People talk about the pushing, the crowning, as the ‘worst’ bit. I’d have done that 3 or 4 times over. I pushed as if my life depended on it- because it did, I would die if this pain didn’t stop. Some rational part of me knew that it would stop if I pushed, but no-one was telling me to push. I asked the midwife in desperation, “Why aren’t you telling me to push?” She said, “Push if you want to.” So I did, but only to make it end, only because I thought I would die if I couldn’t make it stop, not because I had the overwhelming urge to push- maybe I wouldn’t have needed so many stitches if I’d been able to wait (to add to the list of things I blame myself for).

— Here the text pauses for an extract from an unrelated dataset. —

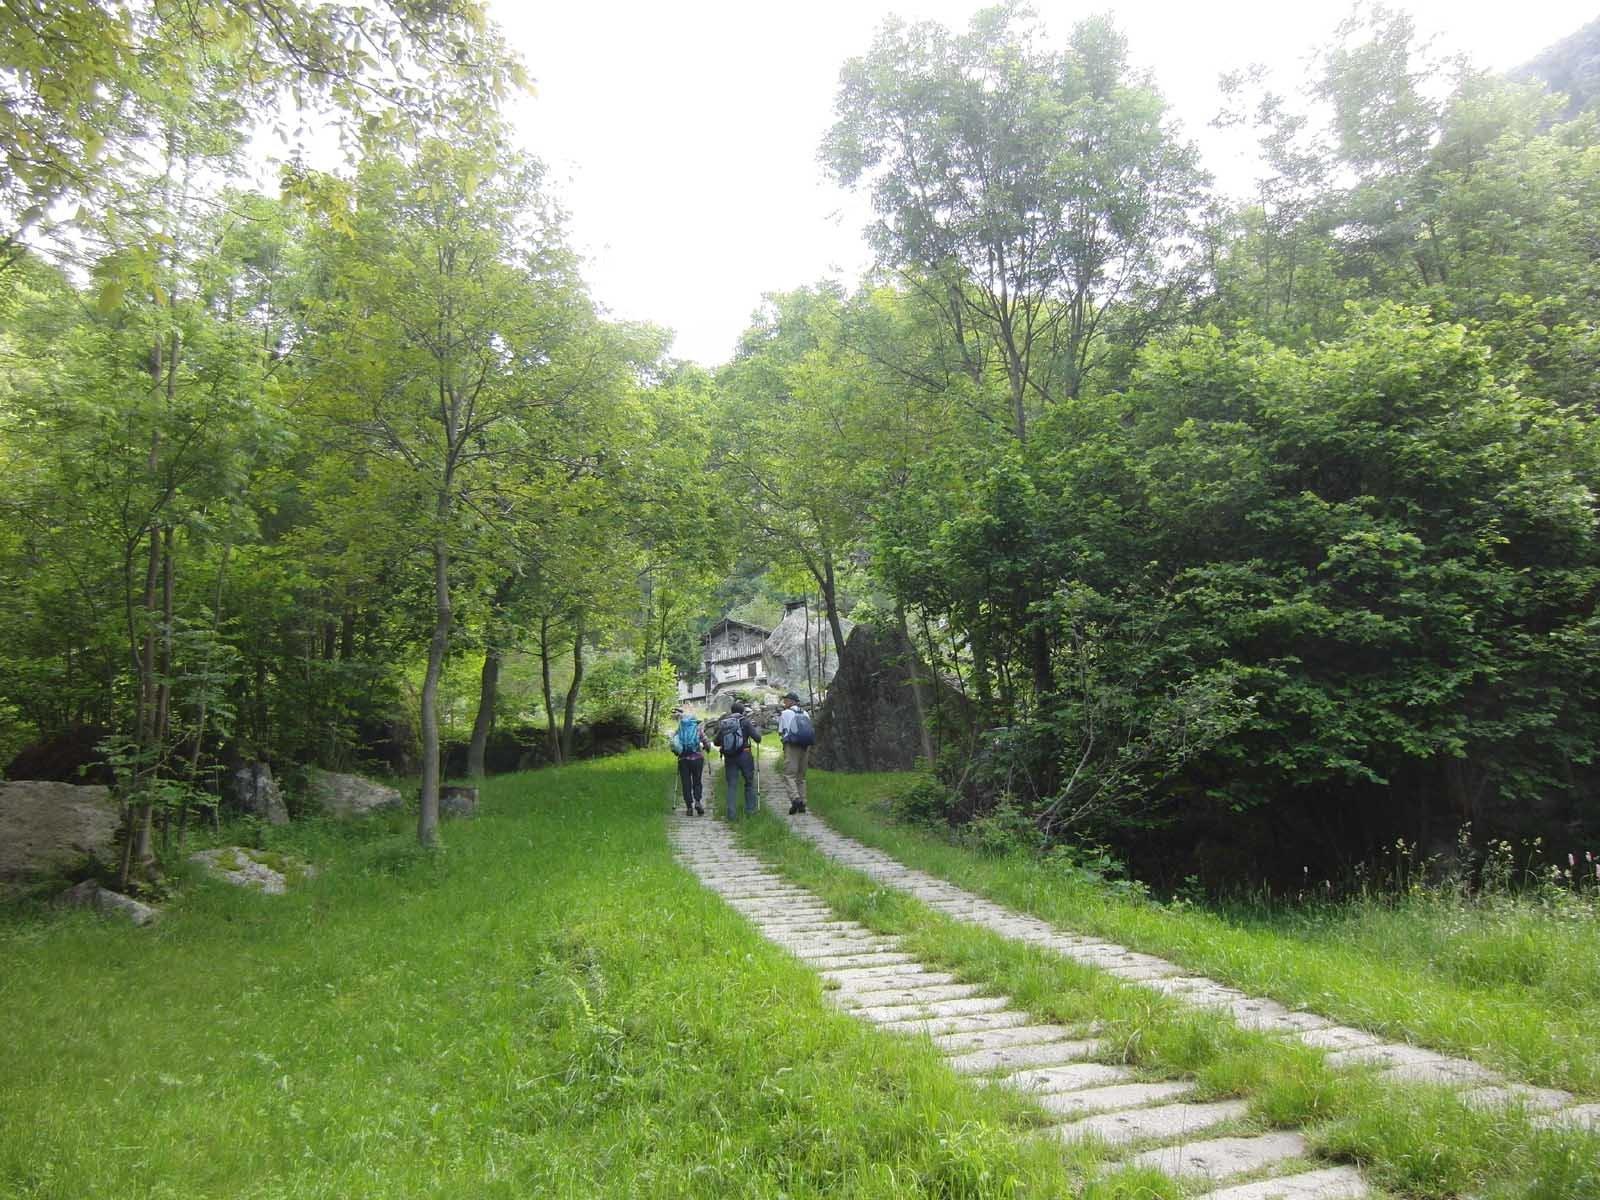 In vista di Rivirin con massicciata di traversine ferroviarie dismesse.
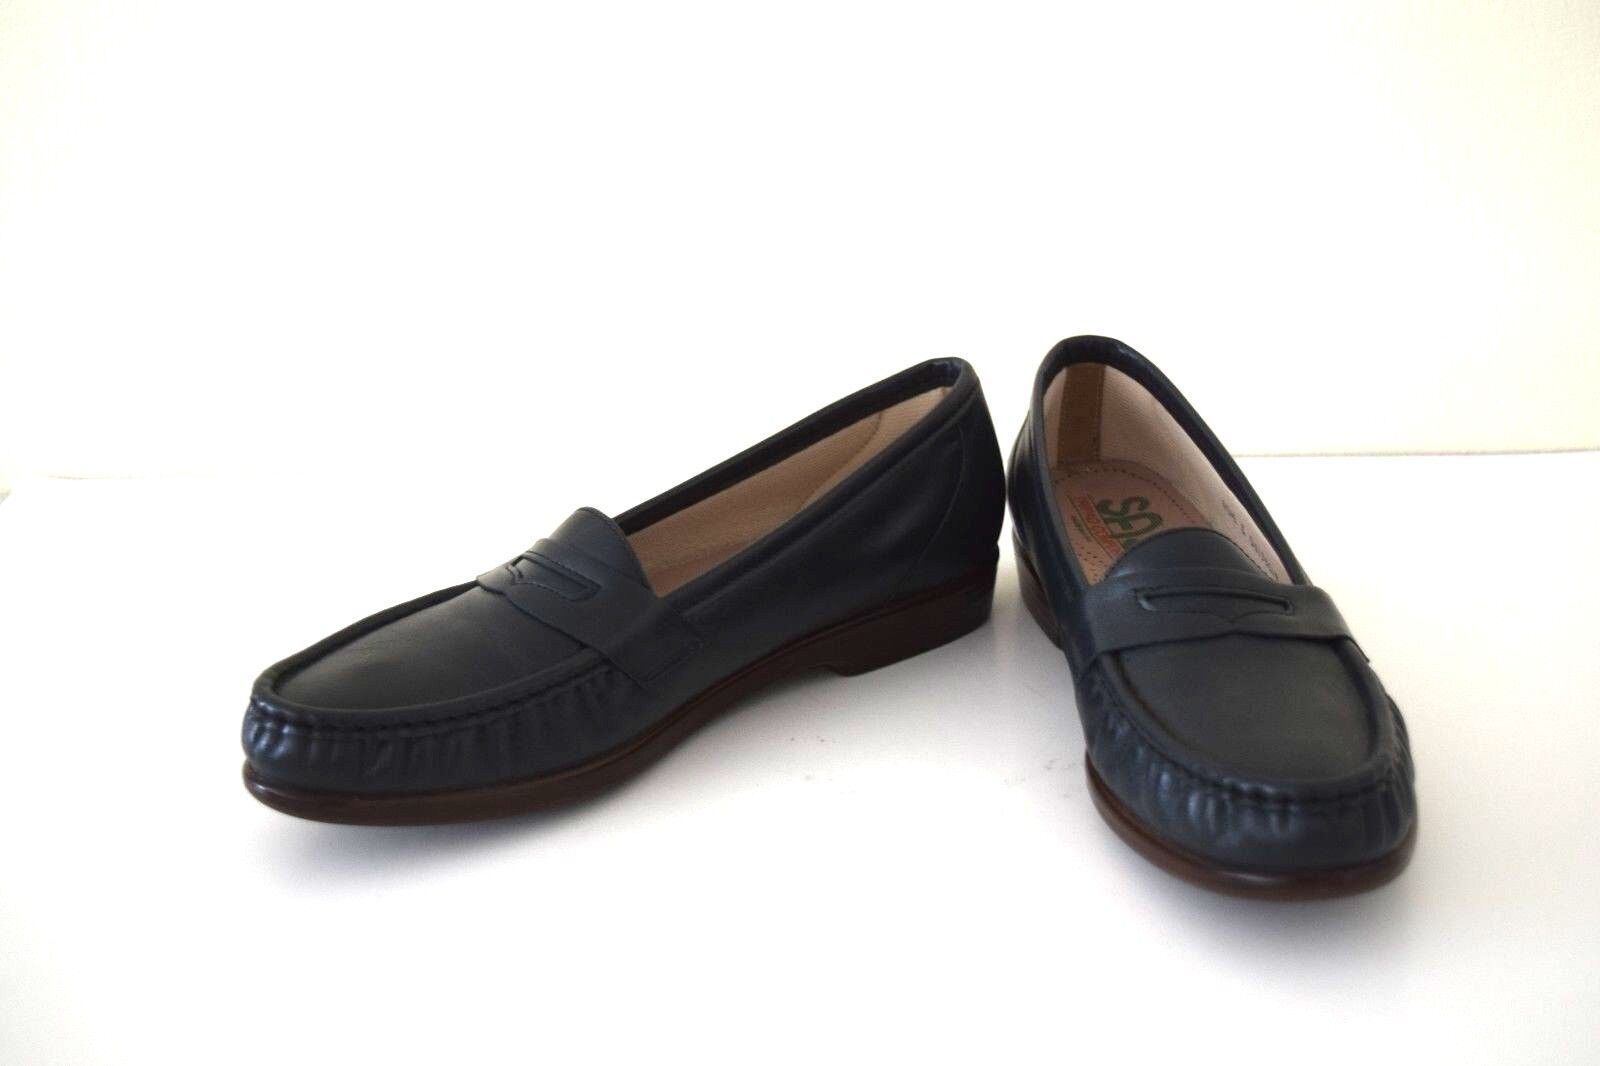 Zapatos de Cuero servicio servicio servicio Aéreo Especial 10.5 M comodidad Tripad PENNY Mocasines Para mujeres Informales Negro  80% de descuento

And when this thing, this tree trunk sized thing, emerged and it was ‘a baby’ (I said), and was placed on my chest I cried. I cried, and I cried and I’d waited so long for my ‘tears of joy’, but that’s not what I got. Not my joy; my relief, my exhaustion, my fear, my pain, my pain, my body breaking physical and mental torture was over. So I cried and cried.

After the stitches they let me sleep, coma like but not for long enough. Where was my baby? In the room somewhere, but I didn’t care, I couldn’t care. I fed him at their request. I slept some more, but not for long enough. They wanted me to go home. I could barely speak or walk. We went home.

He’s a baby, just a baby, I know he’s mine, I think I wanted a baby. Now I don’t anymore, I wish we hadn’t decided to have a baby. Why had we thought it was a good idea? This baby next to me, sleeping (at first) while I lay awake unable to sleep because the memories are so vivid and they haunt my every moment. I’m exhausted and I try to sleep but I’m gripped by fear and the physical pain just keeps coming waves, I’m reliving the torture. I fall asleep, I wake up crying. I fall asleep I wake up pushing. I fall asleep I wake up panicking. I’ll never do that again that’s for sure.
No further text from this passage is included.